Konuşmamın başında bir kere daha 15 Temmuz kanlı darbe girişimini lanetliyor, darbeye geçit vermeyen milletimizi, milletvekillerimizi, yaşamını yitiren yurttaşlarımızı saygıyla anıyorum.
Türkiye büyük bir badire atlattı. Umarım ülkemiz bir daha böyle olumsuzluklarla karşı karşıya kalmaz. Bu tür olaylar kişisel kefaletle çözülecek olaylar değildir; bu tür olaylar laikliğe, hukuka, demokrasiye, akla, bilime yönelmekle olur. Eğer olmazsa önümüzdeki dönemde de yine aynı kabuslarla karşı karşıya kalma riskimiz var. Ve burada şunu bir kere daha ifade edeyim: Bundan ders almamız gereken bir durum olduğunu, özellikle de AKP'nin bu durumdan ders alması gerektiğini ifade etmek istiyorum.

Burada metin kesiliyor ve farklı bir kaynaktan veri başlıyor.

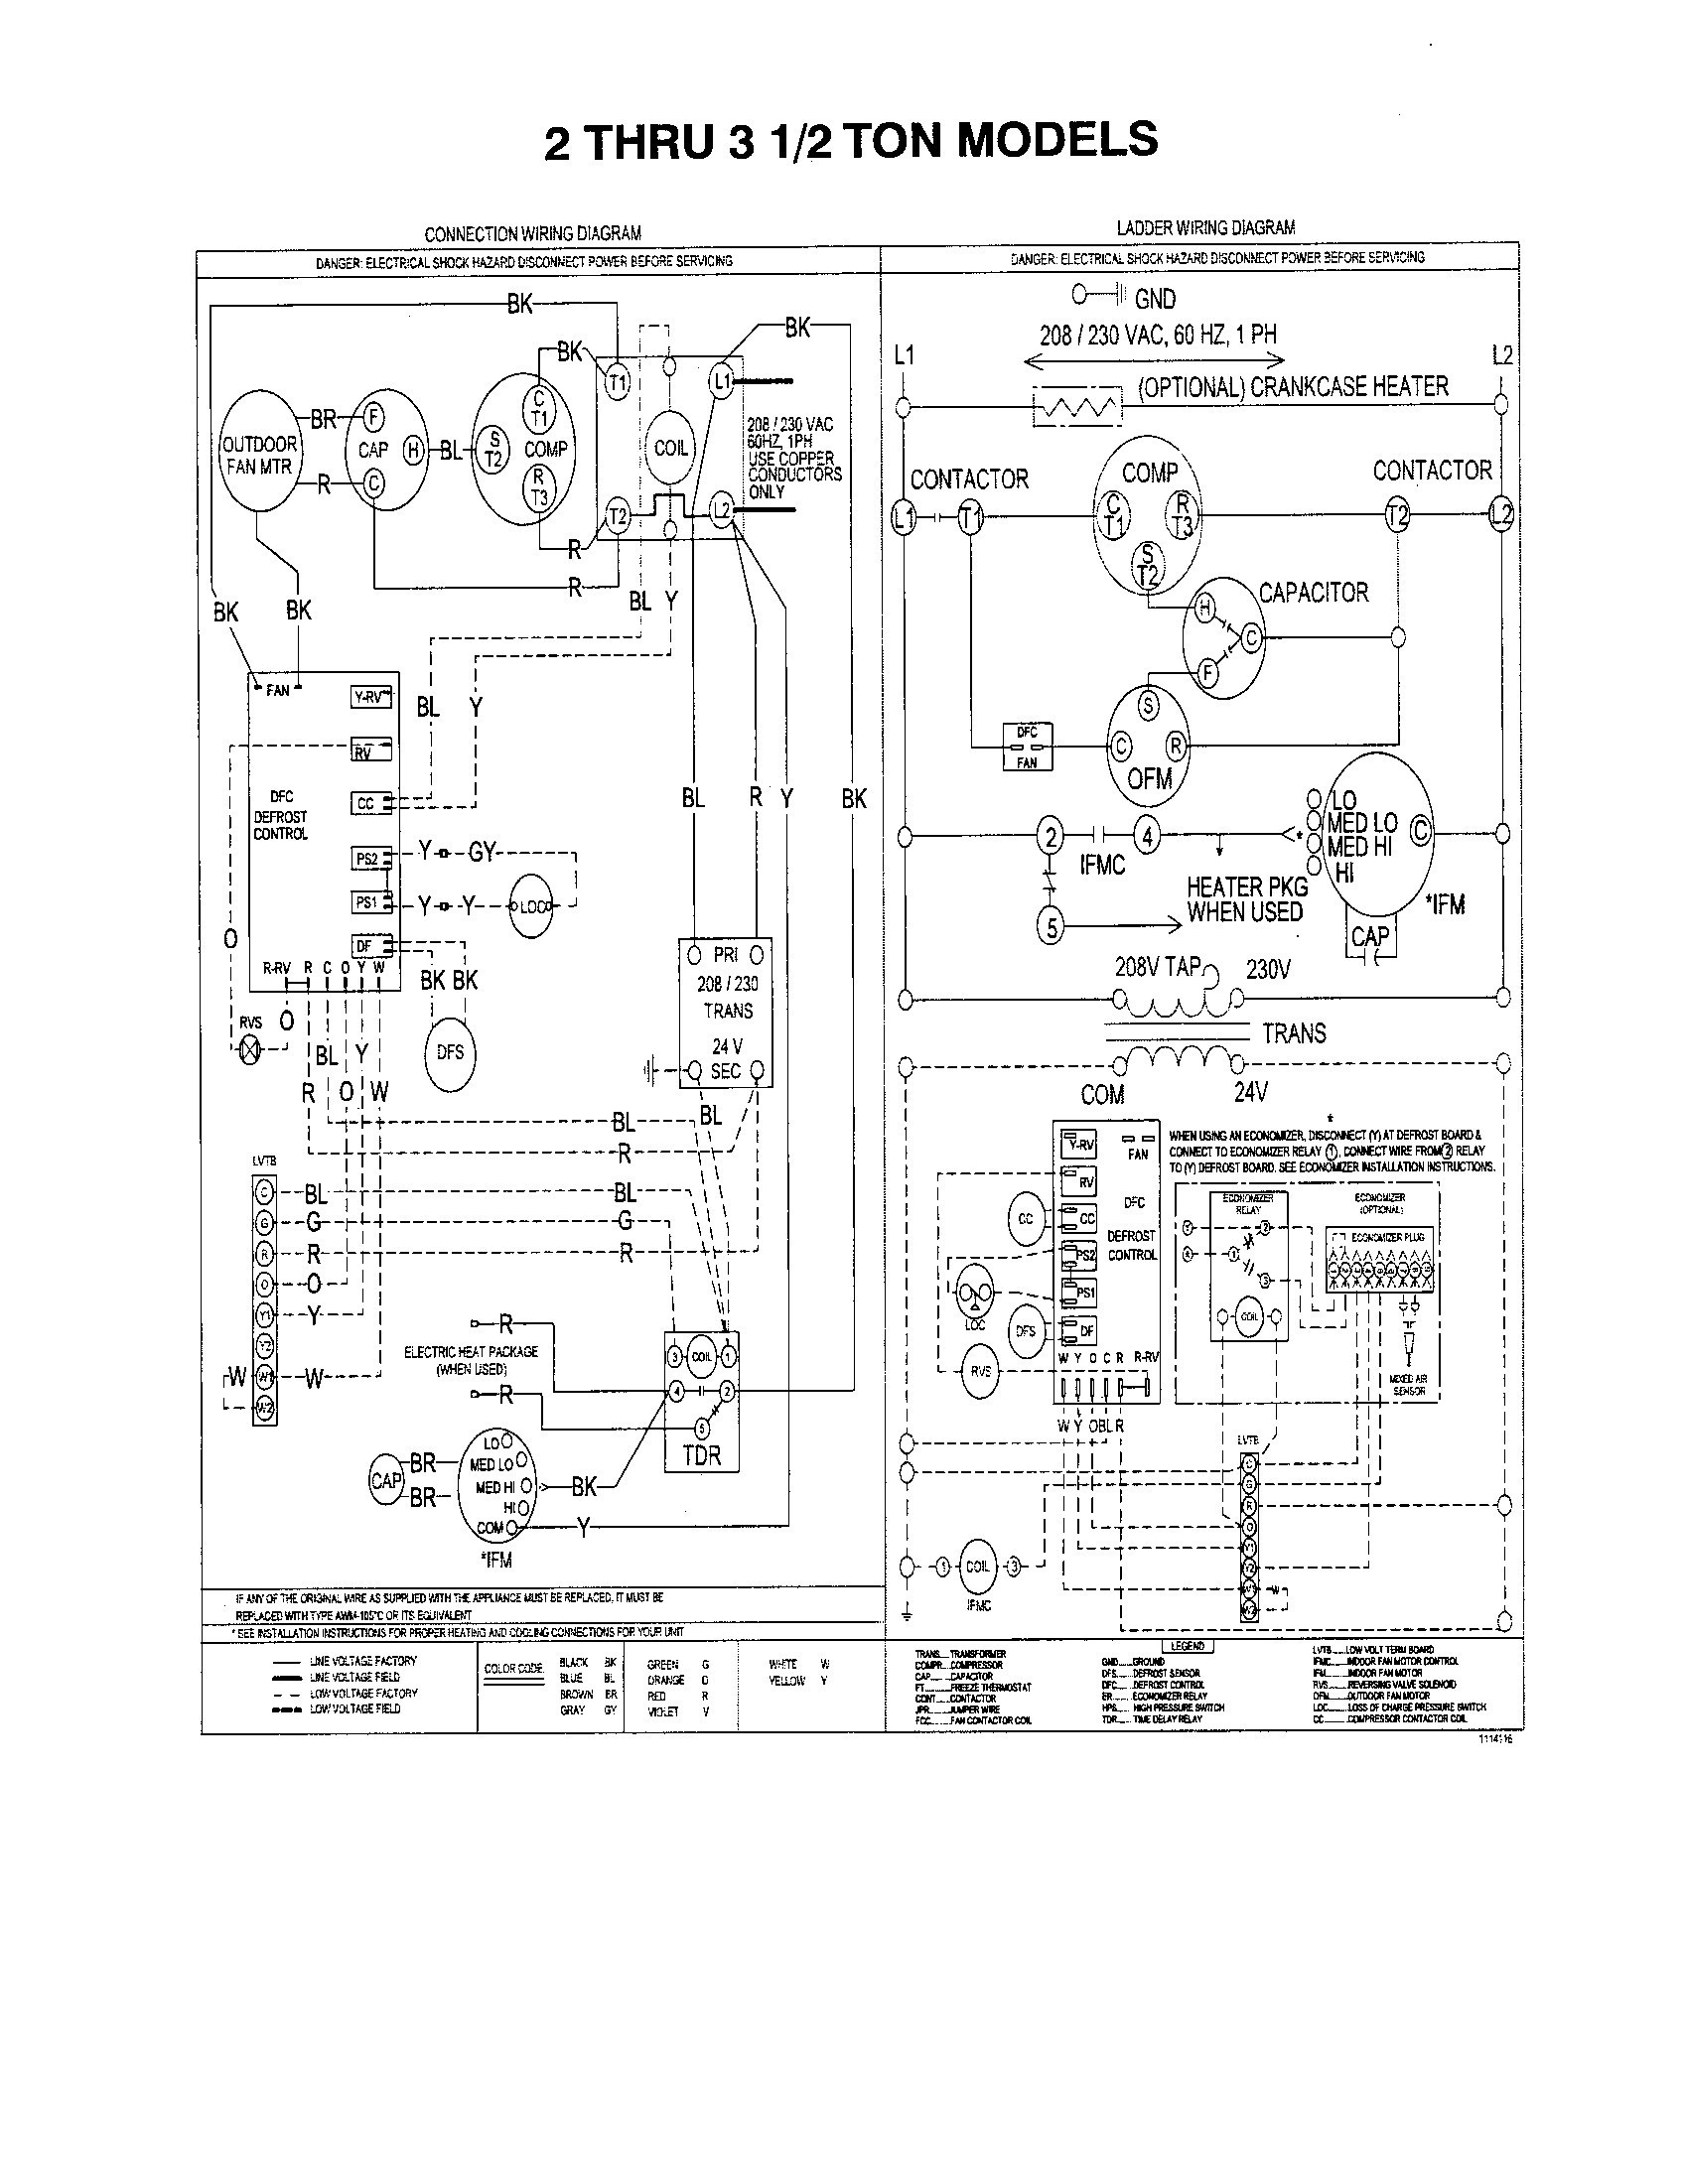 rtu wiring diagrams wiring diagram rh c50 mikroflex de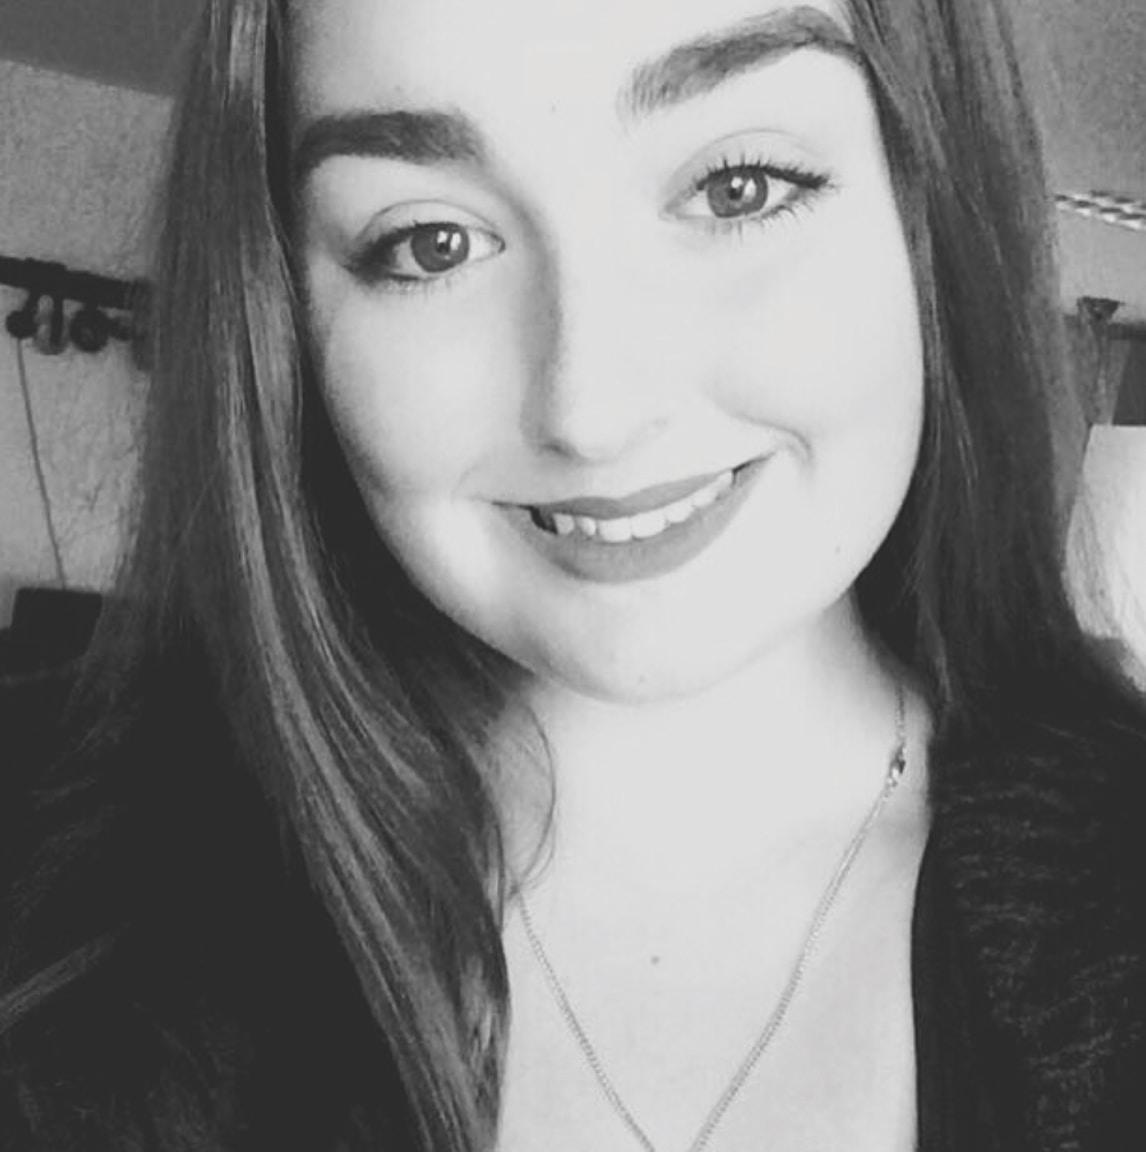 Go to Jolinde Aaltink's profile

Değerli arkadaşlar, bu darbe girişiminin aslında bizim önümüzü de biraz açmış olması temennisindeyim. Demokratikleşme adına, hukukun üstünlüğü adına, adalet anlamında önümüzü açmıştır umarım ve buradan toplumsal bir mutabakatın, toplumsal bir uzlaşmanın çıkmasını da temenni ediyorum.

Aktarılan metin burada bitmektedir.